United States District Court, District of Arizona
May 14, 2024
No. CV-24-00240-TUC-RCC (D. Ariz. May. 14, 2024)

Opinion

CV-24-00240-TUC-RCC

05-14-2024

Ignatius M Tee, Jr., Plaintiff, v. Shannon M Shea, et al., Defendants.


ORDER

Honorable Raner C. Collins Senior United States District Judge

Pending before the Court is Plaintiff Ignatius M. Tee, Jr.'s Emergency Motion for Temporary Restraining Order, Emergency Motion for Leave of Court to Exceed Page Count, and Motion for Order to Show Cause Why Preliminary Injunction Should Not Issue. (Doc. 2.) Plaintiff filed his Complaint and Motion in an emergency posture on May 10, 2024. (Docs. 1-2.) The Court set expedited oral argument for Tuesday, May 14, 2024. (Doc. 6.) A summons was issued on May 13, 2024 (Doc. 7) and, on May 14, 2024, prior to the scheduled hearing, Defendants appeared and filed their Response in Opposition to Plaintiff's Motion (Docs. 8-9). The Court reviewed the pleadings and attachments and heard argument from the parties.

I. Background Facts

Plaintiff is a Petty Officer First Class in the United States Navy and is enrolled in the Naval Reserve Officers Training Corps ("NROTC") Seaman-to-Admiral Program ("STA-21") studying at the University of Arizona. (Doc. 1 at 5.) Defendant Shannon M. Shea is a Colonel in the United States Marine Corps, a Professor of Naval Science ("PNS"), and Plaintiff's commanding officer ("CO"). (Id. at 4.) On November 21, 2023, Colonel Shea convened a Performance Review Board ("PRB") to adjudicate a misconduct allegation against Plaintiff for "inappropriate relationships with midshipmen within the battalion." (Id. at 1, 6.)
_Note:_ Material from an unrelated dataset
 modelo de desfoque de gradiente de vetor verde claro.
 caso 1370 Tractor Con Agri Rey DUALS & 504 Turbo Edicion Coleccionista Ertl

In his Complaint and Motion, Plaintiff alleges that the first PRB did not comply with various due process provisions outlined in the U.S. Navy, Naval Service Training Command ("NSTC") M-1533.2E, Regulations for Officer Development for the NROTC. (Id. at 1-2.) Specifically, Plaintiff alleges that the first PRB was unlawful because the board members should have been disqualified as persons involved in the underlying matters; the PRB did not conduct a "preliminary inquiry" (i.e., a pre-PRB investigation) and therefore did not give Plaintiff a copy of the preliminary inquiry report; the PRB failed to provide Plaintiff with a "trigger document"; the command did not provide Plaintiff with the evidence lodged against him; the PRB recorder denied Plaintiff his right to counsel; the PRB recorder interfered with Plaintiffs elections of his rights; and the PRB forced Plaintiff to speak in violation of his right to remain silent in 10 U.S.C. § 831. (Id. at 9.) Plaintiff avers that, during the proceeding, he was "alone, without counsel, without witnesses, without the allegations against him, and without any of the evidence against him[,]" and the PRB questioned him with vague allegations while one of its members, Lt. Mohan, said he was "slimy" and characterized Plaintiff's responses as "bullshit." (Id. at 7-8.) Plaintiff asserts that the first PRB was so traumatic that Plaintiff required psychological and medical attention afterwards. (Id. at 1-2.) After deliberating, the PRB announced its finding that Plaintiff "did pursue or attempt to pursue inappropriate relationships with [midshipmen] within the battalion and [] did not meet aptitude standards" and recommended a "Leave of Absence Pending Disenrollment." (Id. at 8.)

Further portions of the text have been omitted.